Preliminary results of the completed rozanolixizumab and efgartigimod phase 2 trials suggest proof of concept for IgG lowering strategies to treat MG. The ongoing phase 2 and phase 3 trials will provide additional needed efficacy and safety data, though the long term safety profile of >70% reductions in total plasma IgG levels will not be available in the near term. Of particular interest is the risk of hypogammaglobulinemia associated infections in patients with MG who are typically receiving chronic immunosuppressive agents. Determination of dosing and the degree of IgG lowering needed for chronic therapy are essential and the nipocalimab phase 2 program, which has four active dosing arms, should provide important data in that regard. Immunogenicity is also uncertain, but preliminary results suggest low immunogenic potential for all of the therapeutics in development for MG.

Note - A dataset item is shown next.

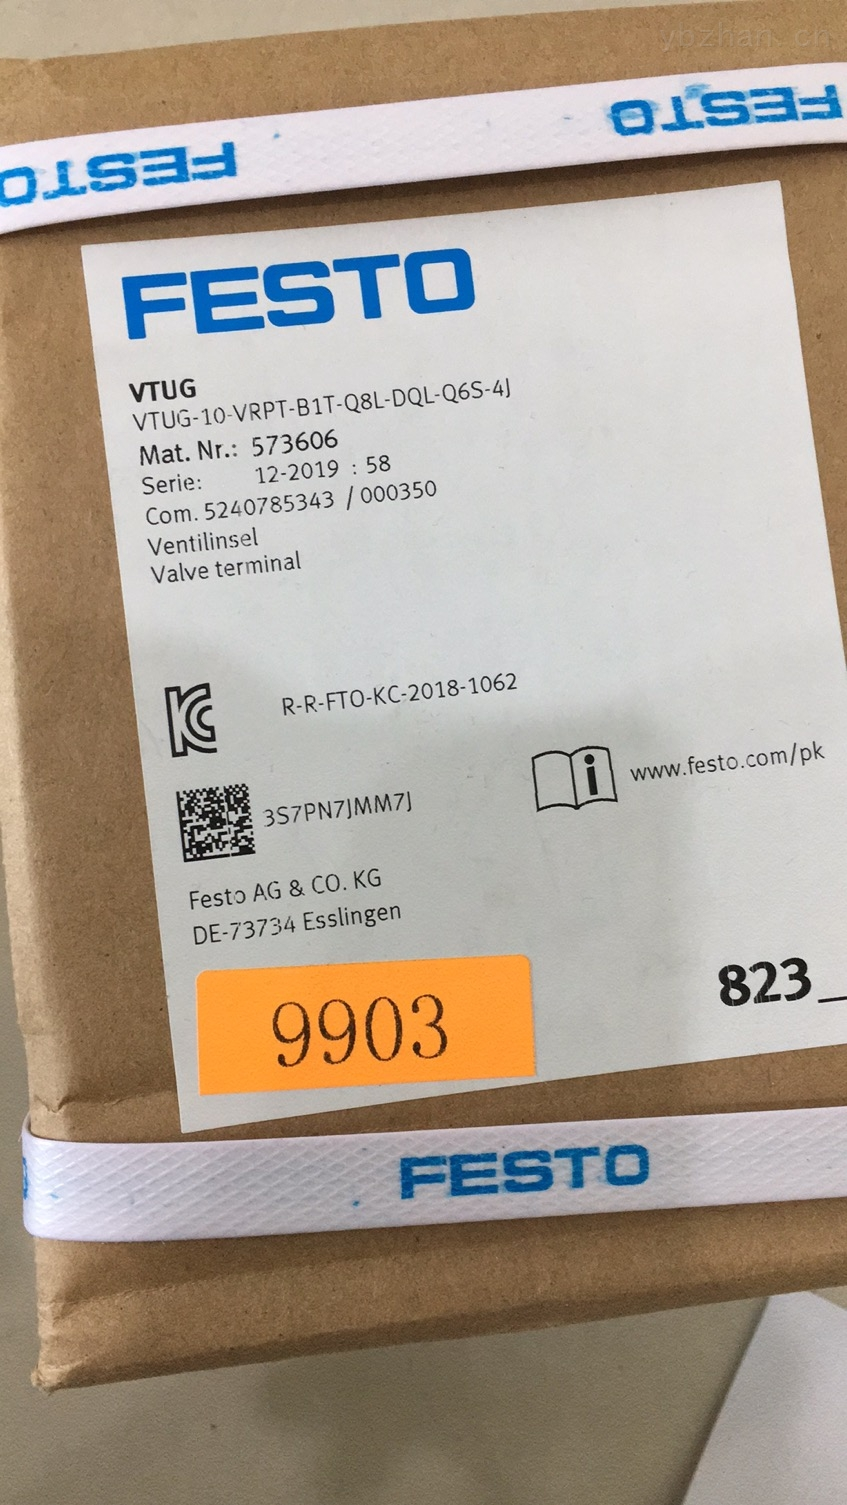 FESTO真空发生器订货方式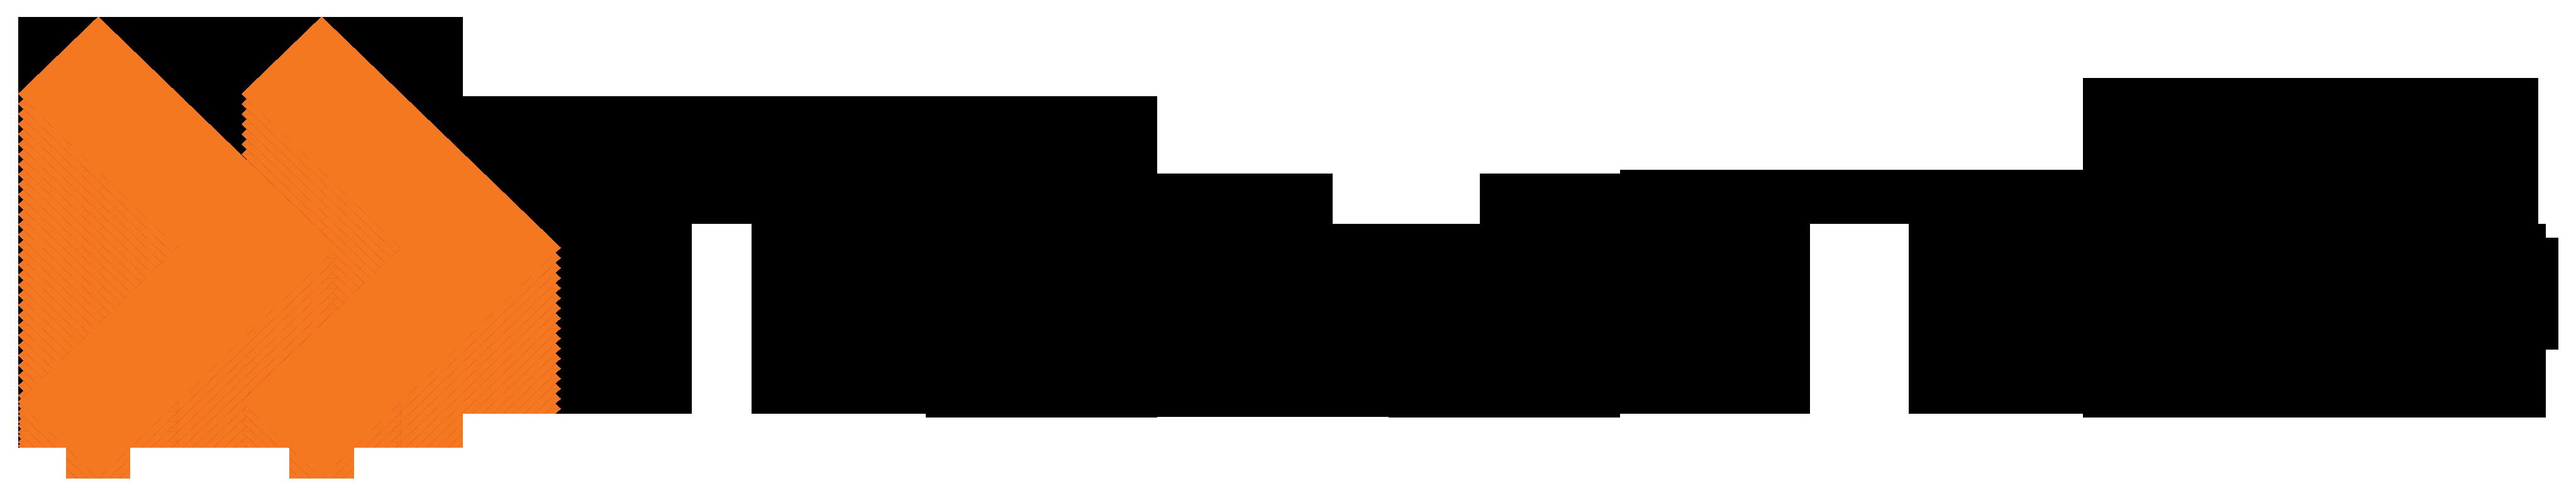 Neumob

If the efficacy and safety of anti-FcRn therapeutics are confirmed in pivotal trials, this class of therapy may be able to address limitations of the existing rapidly acting treatments, plasma derived immunoglobulins and TPE, which include limited supply/availability (IVIg), prolonged treatment durations (TPE/IVIg), large infusion volumes (IVIg), and adverse effects. In addition, clinicians will be very interested in comparative trial data for FcRn targeted therapeutics and TPE/IVIg for the inpatient treatment of MG, which is the setting where IgG lowering is presently used most commonly and which has not been studied to date. Multiple ongoing clinical trials with FcRn antibodies and complement therapeutics in MG patients have predictably established that there are a limited number of patients available for traditional clinical trials (37). How this competition for clinical sites and eligible patients will play out in future clinical trials remains to be seen. When viewed from the broader context of emerging therapeutics for MG, targeted combination therapies with distinct and complementary mechanisms, such as FcRn targeted therapies in combination with complement therapeutics, should be studied to determine whether they provide additional efficacy with favorable safety over existing regimens.

Author Contributions

JG and KG wrote and revised the manuscript.

Conflict of Interest

JG has served as a consultant for companies developing therapies described in the manuscript, served as an investigator for FcRn clinical trials in MG sponsored by Momenta and UCB, and served as DSMB member for Argenx. The remaining author declares that the research was conducted in the absence of any commercial or financial relationships that could be construed as a potential conflict of interest. The handling Editor declared a past co-authorship with one of the authors JG.